Organ (New Orleans merchant) learns about the Treaty of Ghent before the public.
Buys tobacco in Virginia, knowing prices will rise.
Laidlaw (seller) withholds selling tobacco, then after public learns of treaty, they refuse to go through with the sale because Organ did not say he knew the treaty.
Court says Organ is not at fault, and Laidlaw must fulfil the sale.
Caveat Emptor
Buyer beware (Latin).
If no fraud or breach of warranty, buyer buys at own risk.
Different from the old rule that merchandise had to be "sound".
Sextus vs. Woods: Buyer cannot recover from a seller who unknowingly sells defective goods.
McFarlane vs. Newman: Horse bleeding through the nose.
Seller said it was "ordinary distemper" (like a cold).
Turned out to be glanders (serious disease).
Pennsylvania Supreme Court overturned jury verdict for buyer.
Gibson: "He who is so simple as to contract without a specification of the terms is not a fit subject for judicial guardianship."
Goulding vs. Skinner: Advertisement for machine cards.
Advertised as "equal to any in America".
Didn't work.
Massachusetts Supreme Court: Mere puffery; no warranty.
Parole Evidence Rule
If there is a written contract, the court will not look at any other outside evidence to show that the intention of the parties was different from what's actually specifically in the written contract.
Mumford vs. McPherson: Buying/selling a ship.

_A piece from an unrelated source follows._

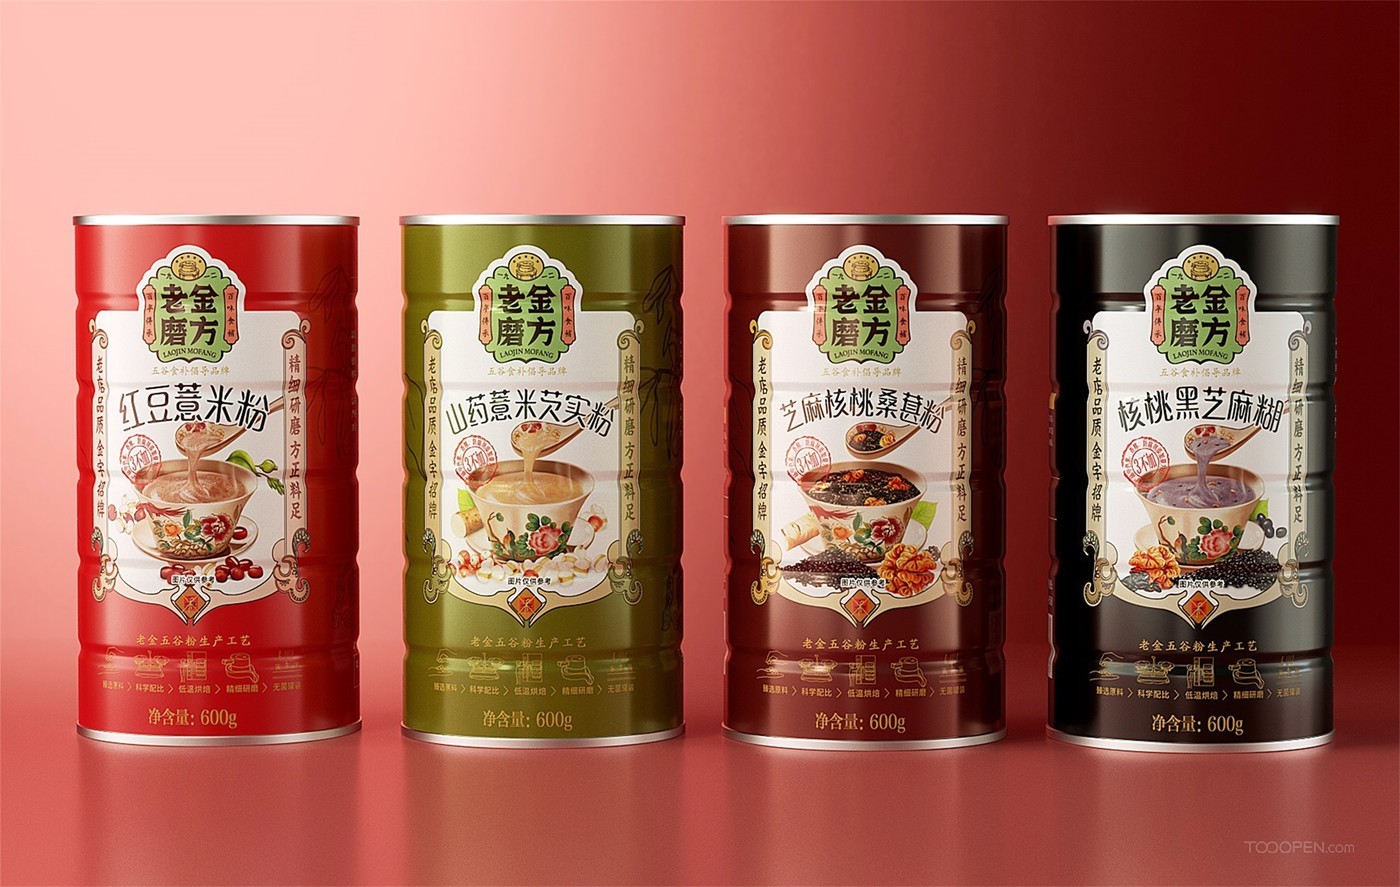 传统美食红豆薏米粉产品包装设计图片-03

Contract didn't specify copper fastening.
Buyer said seller told him it was completely copper fastened.
Court only considered what's in the contract.
Statute of Frauds
Passed by British Parliament in 1677.
Adopted by every American state (with minor changes).
Certain contracts must be in writing to be enforceable.
Contracts to sell land.
Contracts to buy/sell goods over a certain amount (e.g., $500).
Contracts that take over a year to perform.
Helped with orderly transference of land.
No Quantum Meruit/Valement
With will theory of contracts, courts do not invent contracts or give compensation for partial performance and require complete contract fulfillment.
Lougherty vs. Parks: Contract to work for 12 months for $10/month.
Worked for 10.5 months, then quit.
Court did not enforce a 10.5 month contract.
Black Boy Smith vs. Brady: Contract to plow 20 acres.
Only plowed 19 acres.
Couldn't recover anything, as issue is law and is not left up to jury.
Overall Impact
These doctrines foster stability and uniformity to commercial transactions.
Help the growth of the national market economy.
Split between morality/equity and the will theory.